If you sat down to solve a problem you’ve never seen before you wouldn’t even know what a valid “later state” looking like.

drubs - 3h 32m ago
someoneontenet - 3h 35m ago
Curriculum learning helped me out a lot in this project too https://www.robw.fyi/2025/12/28/solve-hi-q-with-alphazero-an...
pedrozieg - 3h 55m ago
What I like about this writeup is that it quietly demolishes the idea that you need DeepMind-scale resources to get “superhuman” RL. The headline result is less about 2048 and Tetris and more about treating the data pipeline as the main product: careful observation design, reward shaping, and then a curriculum that drops the agent straight into high-value endgame states so it ever sees them in the first place. Once your env runs at millions of steps per second on a single 4090, the bottleneck is human iteration on those choices, not FLOPs.
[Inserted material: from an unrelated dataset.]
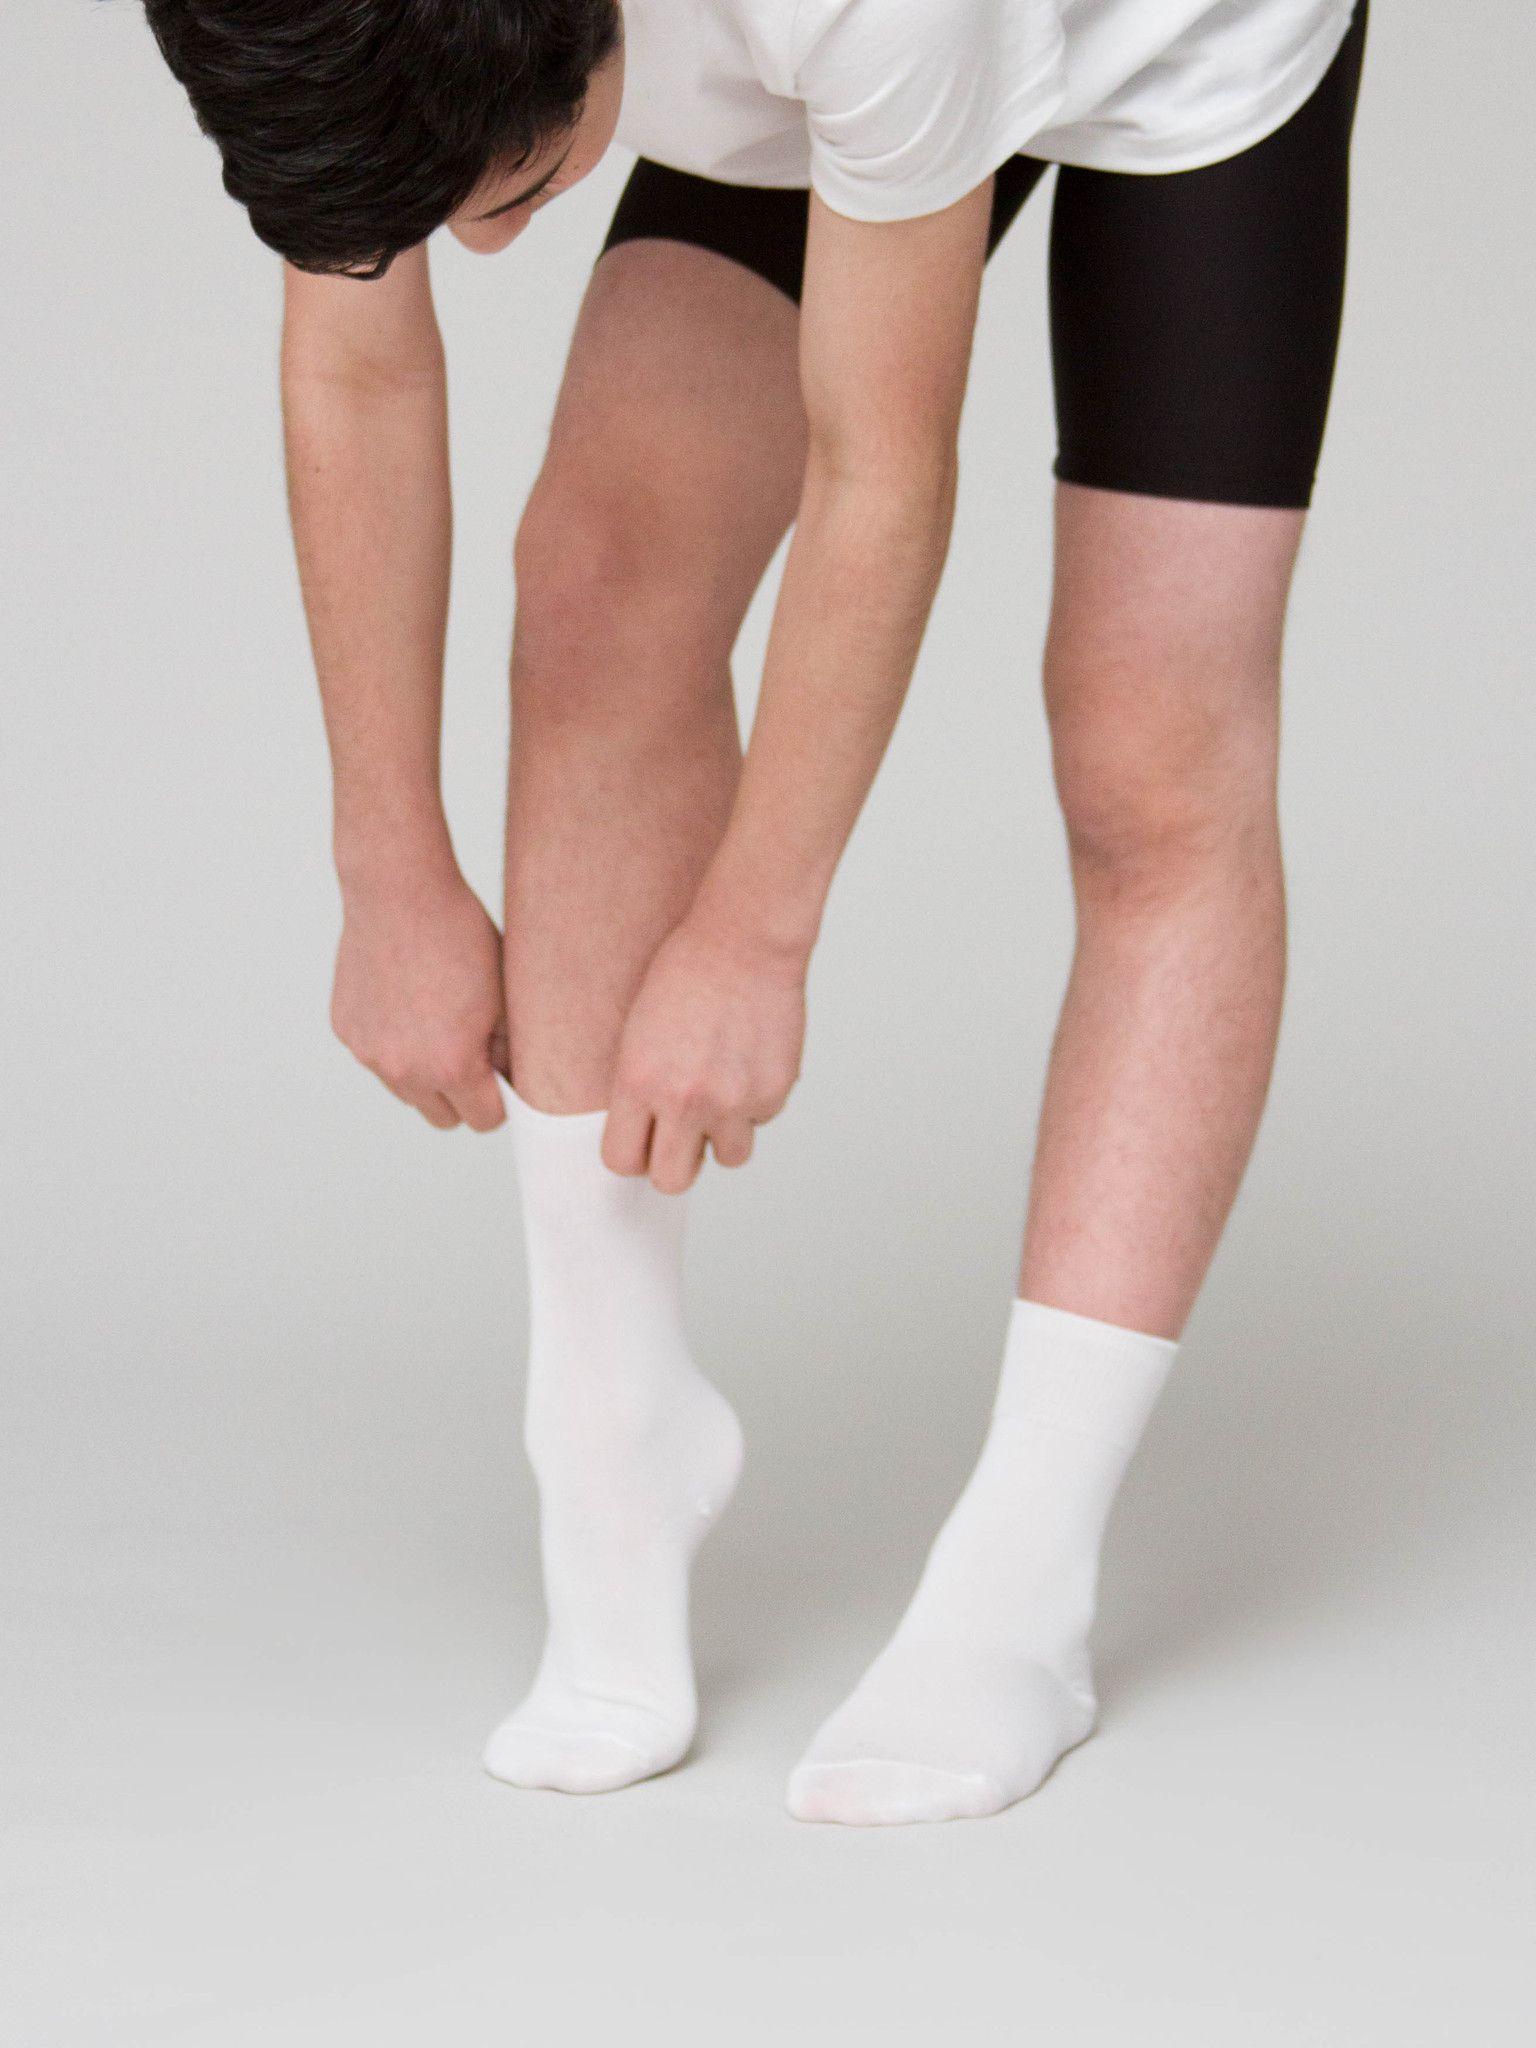 10 Pointe Shoe Hacks For 2016 Ballet boys, Male ballet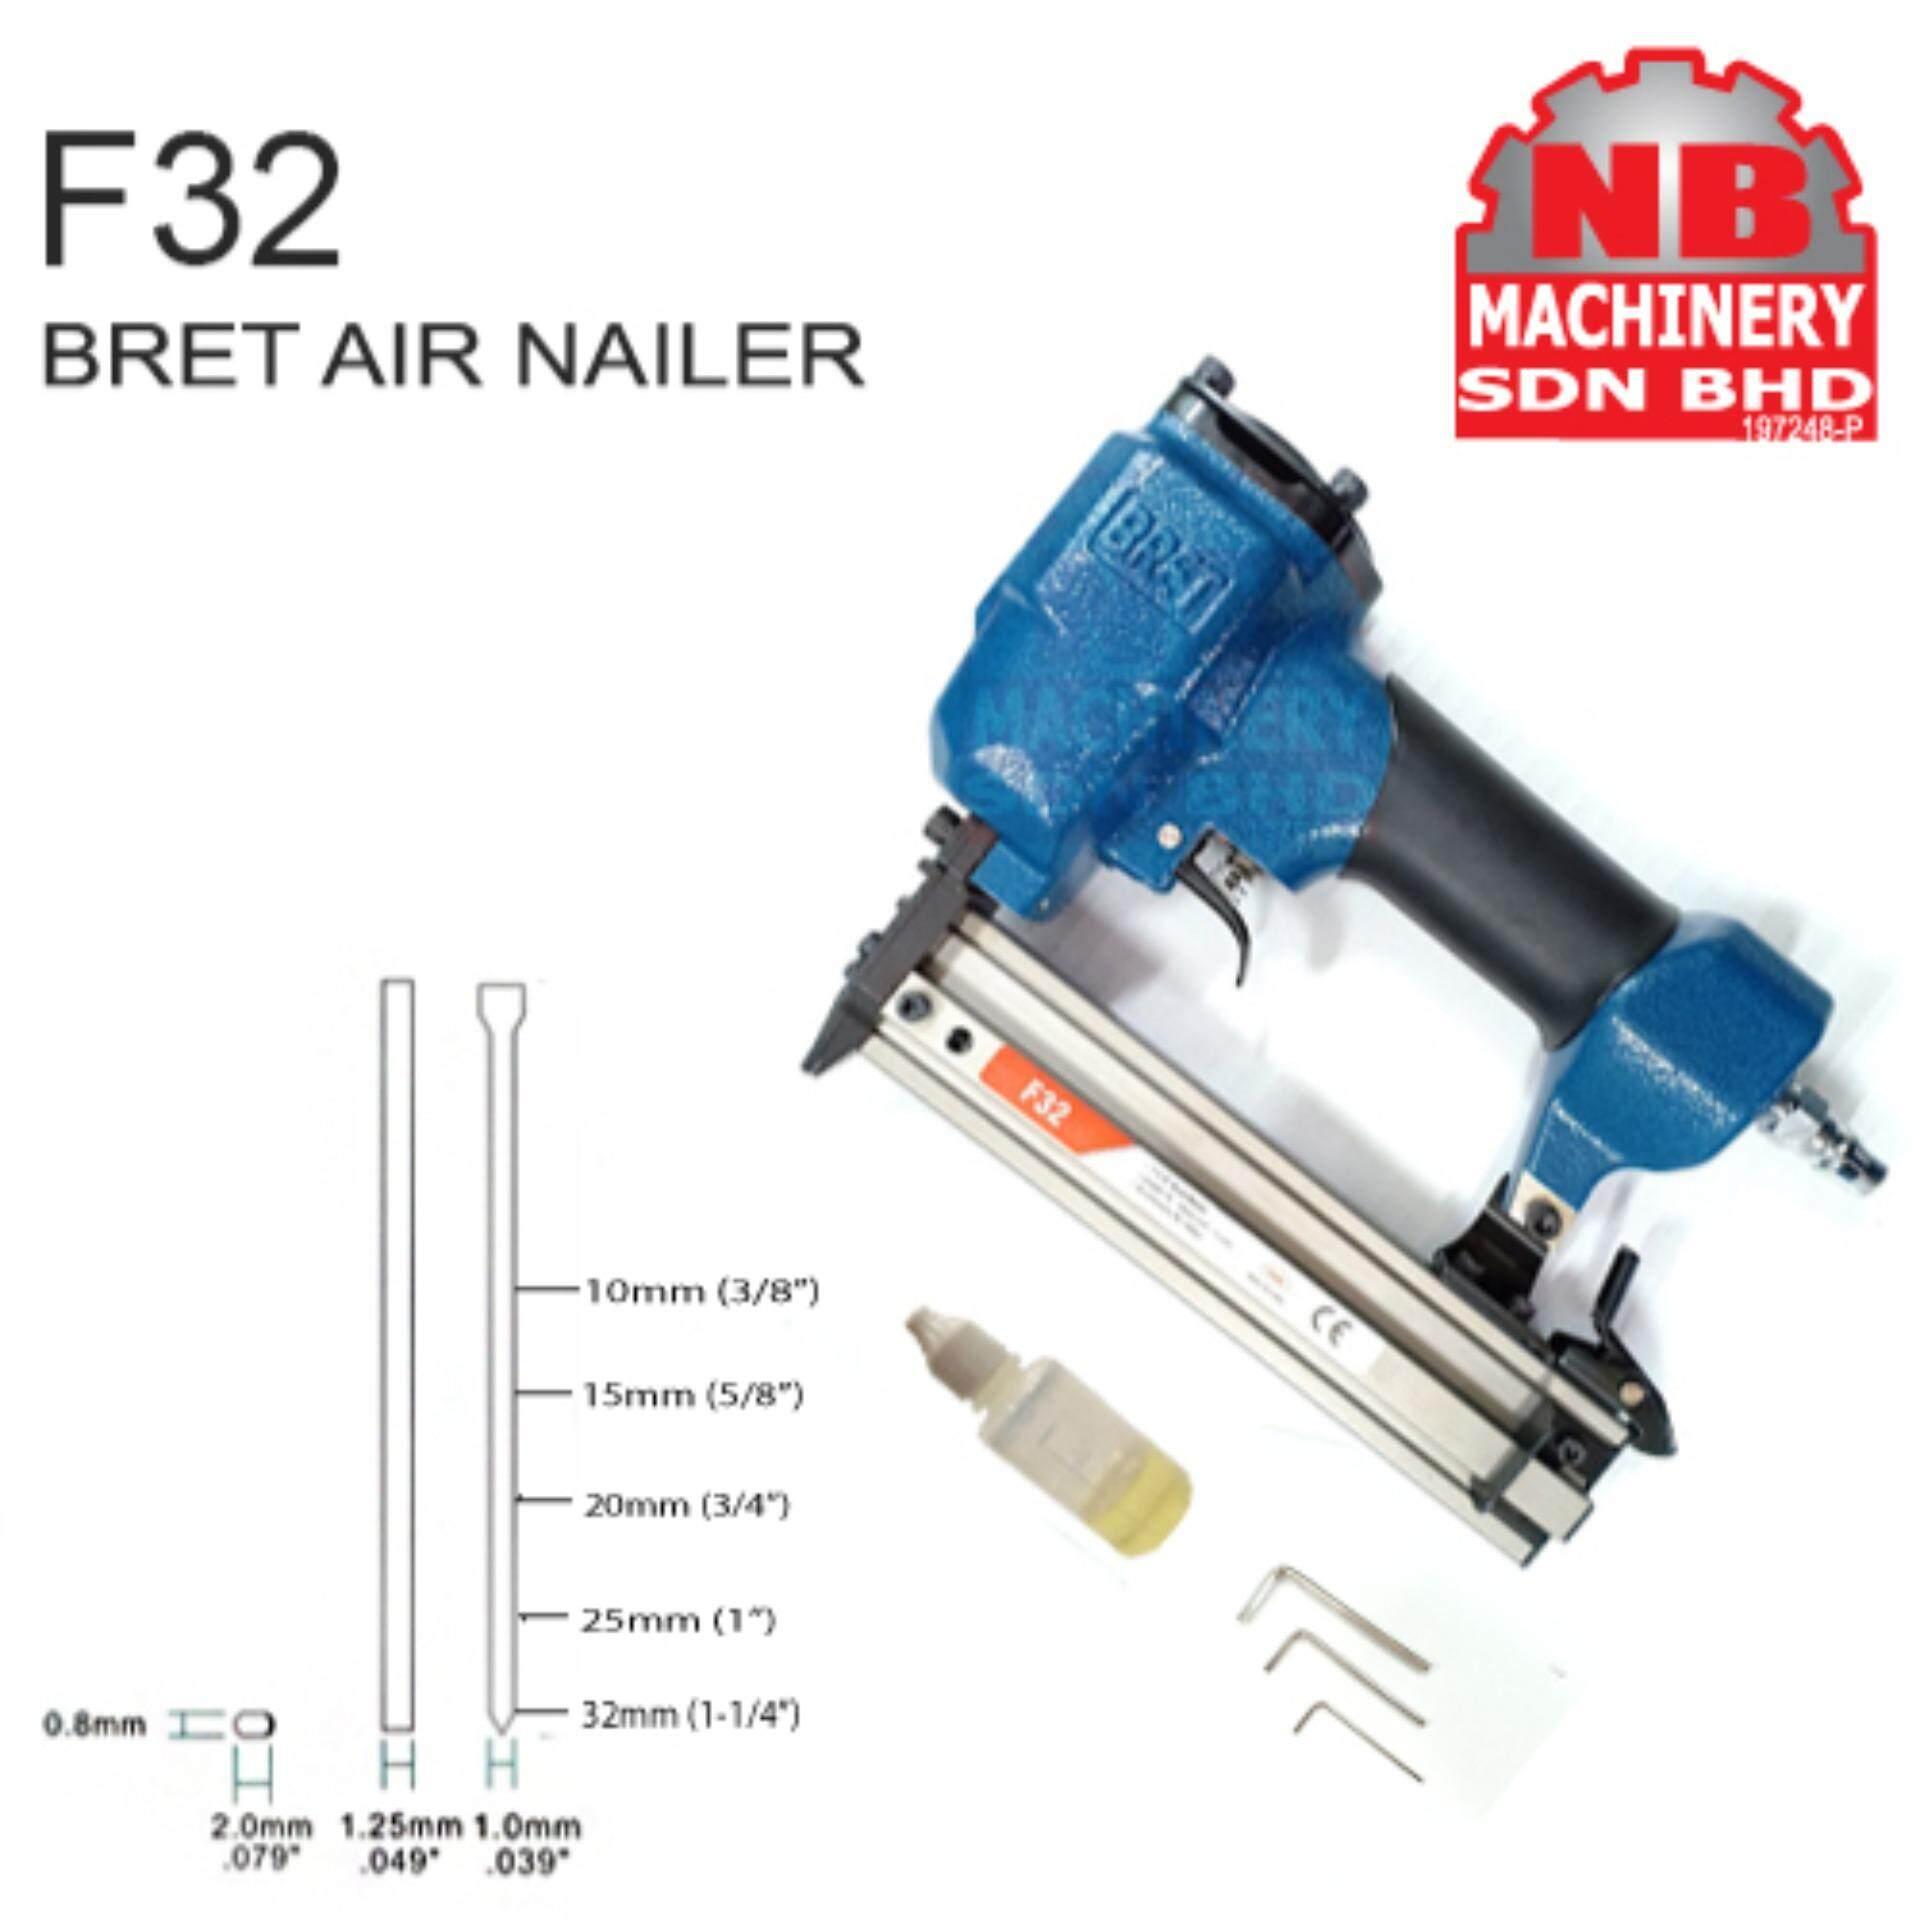 BRET AIR NAILER F-32 (Taiwan)

The happy Tetris bug is also a neat example of how “bad” inputs can act like curriculum or data augmentation. Corrupted observations forced the policy to be robust to chaos early, which then paid off when the game actually got hard. That feels very similar to tricks in other domains where we deliberately randomize or mask parts of the input. It makes me wonder how many surprisingly strong RL systems in the wild are really powered by accidental curricula that nobody has fully noticed or formalized yet.

jsuarez5341 - 3h 32m ago
[dead]
hiddencost - 4h 40m ago
Those are not hard tasks ...
kgwxd - 2h 54m ago
Great, add "curriculum" to the list of words that will spark my interest in human learning, only for it to be about garbage AI. I want HN with a hard rule against AI posts.
yunwal - 2h 9m ago
Are we really dismissing the entire field of AI just because LLMs are overhyped?
artninja1988 - 2h 42m ago
Why garbage ai? I thought it was a very interesting post, personally.
utopiah - 2h 31m ago
> HN with a hard rule against AI posts.

Greasemonkey / Tampermonkey / User Scripts with

Array.from( document.querySelectorAll(".submission>.title") ).filter( e => e.innerText.includes("AI") ).map( e => e.parentElement.style.opacity = .1)

Edit: WTH... how am I getting downvoted for suggesting an actual optional solution? Please clarify.

snet0 - 2h 24m ago
Notably this doesn't match the current thread.
shwaj - 49m 34s ago
Could always run the posts through a LLM to decide which are about AI :-p
utopiah - 1h 20m ago
Expand e.innerText.includes("AI") with an array of whatever terms you prefer.